ACTIVITY: For the data below, transcribe the part that opens with the line containing "a rooster standing" and closes with the line containing "Coco Gauff, Alycia", exactly and with no pictures.

LISTED ENTRIES:
--------------------------------

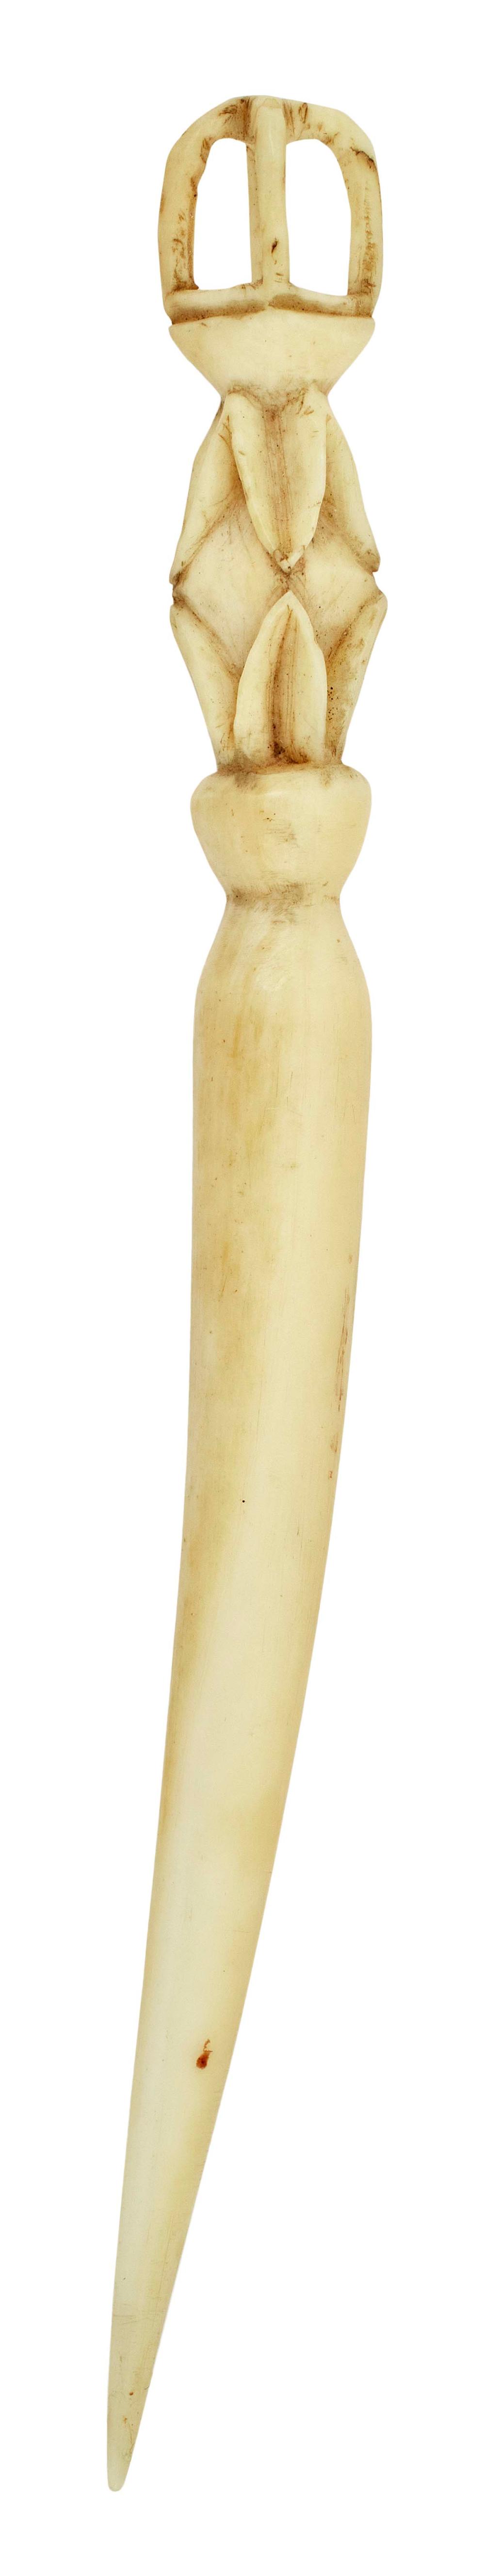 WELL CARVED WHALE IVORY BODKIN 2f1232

--------------------------------

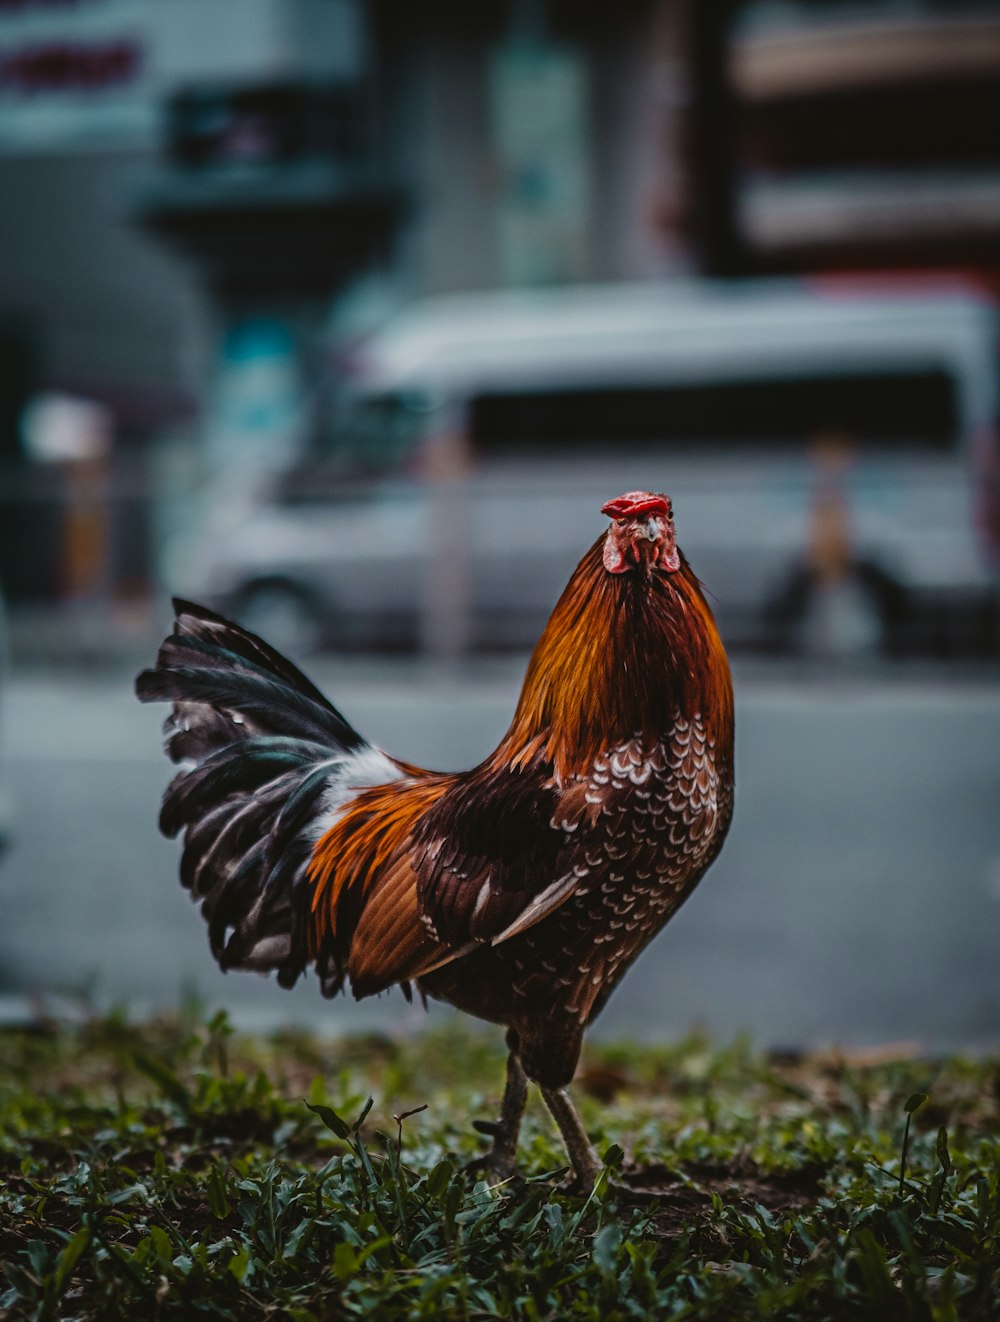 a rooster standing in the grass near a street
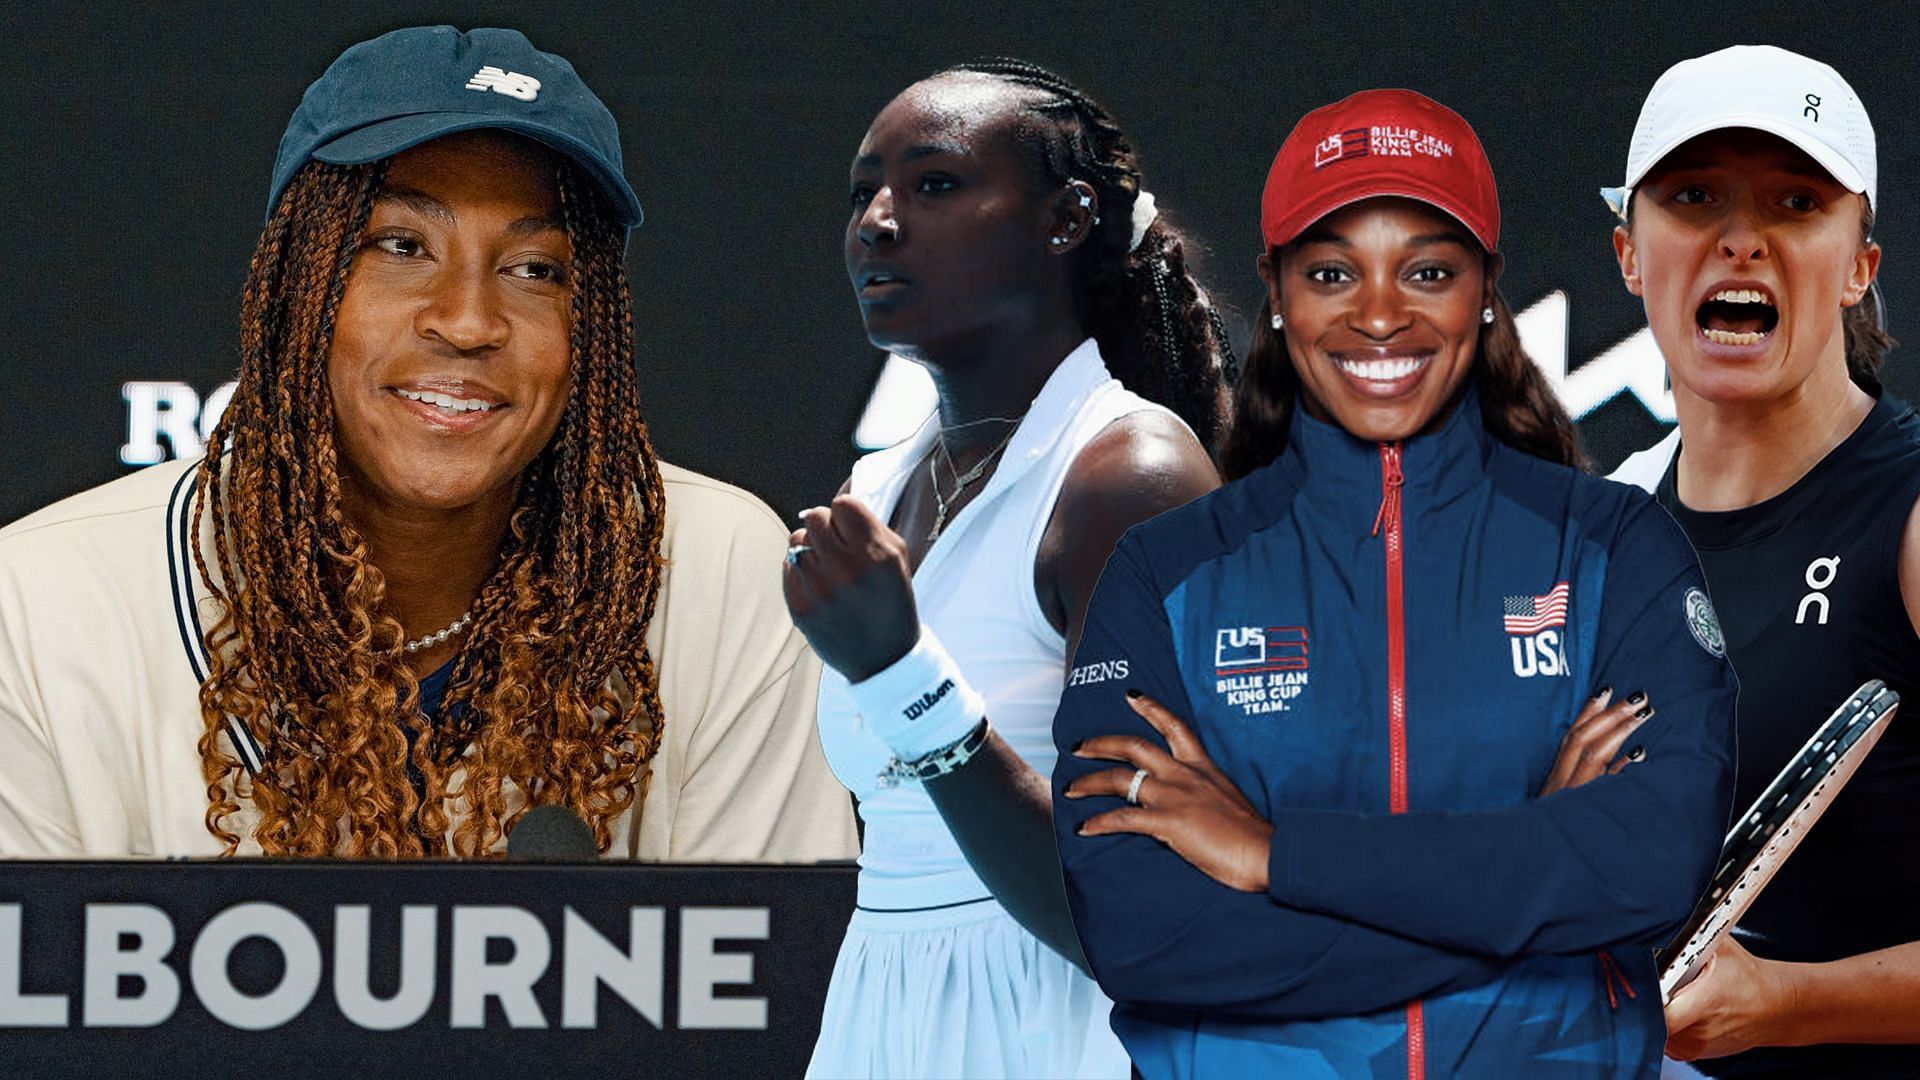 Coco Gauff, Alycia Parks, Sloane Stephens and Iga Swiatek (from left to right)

--------------------------------

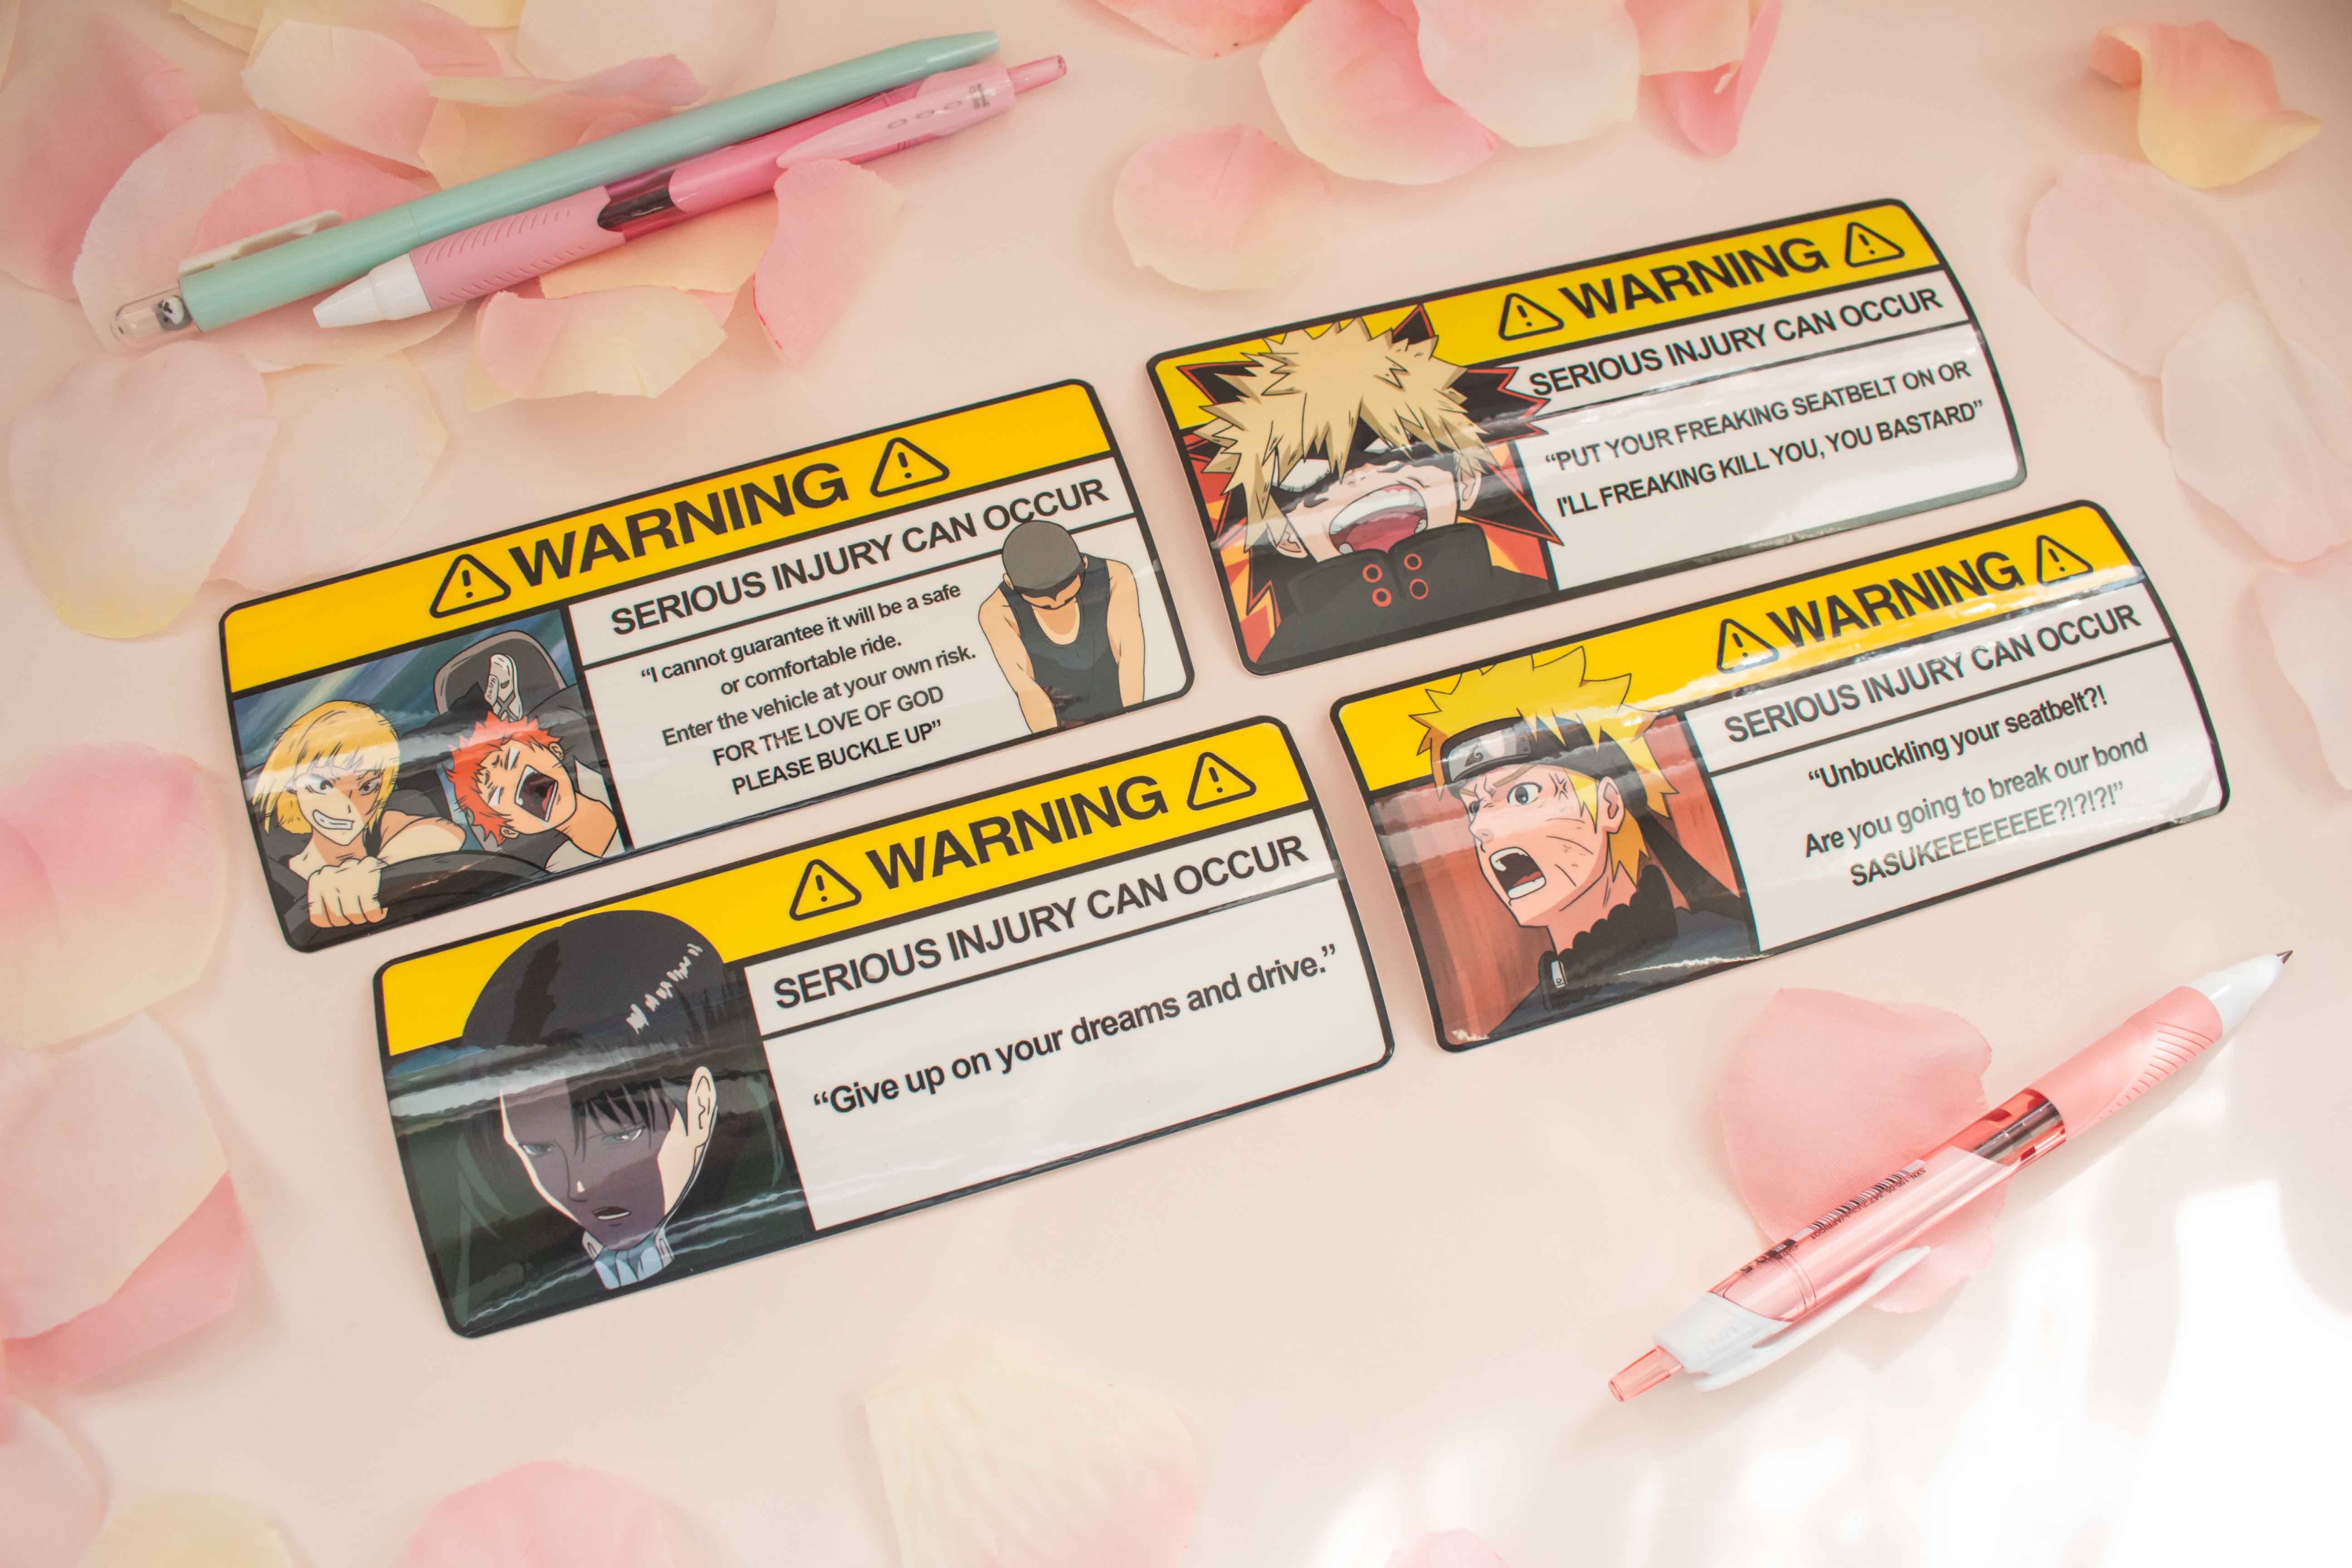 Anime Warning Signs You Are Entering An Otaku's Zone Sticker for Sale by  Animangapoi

--------------------------------

OUTPUT FOR THIS EXERCISE:
 a rooster standing in the grass near a street
 Coco Gauff, Alycia Parks, Sloane Stephens and Iga Swiatek (from left to right)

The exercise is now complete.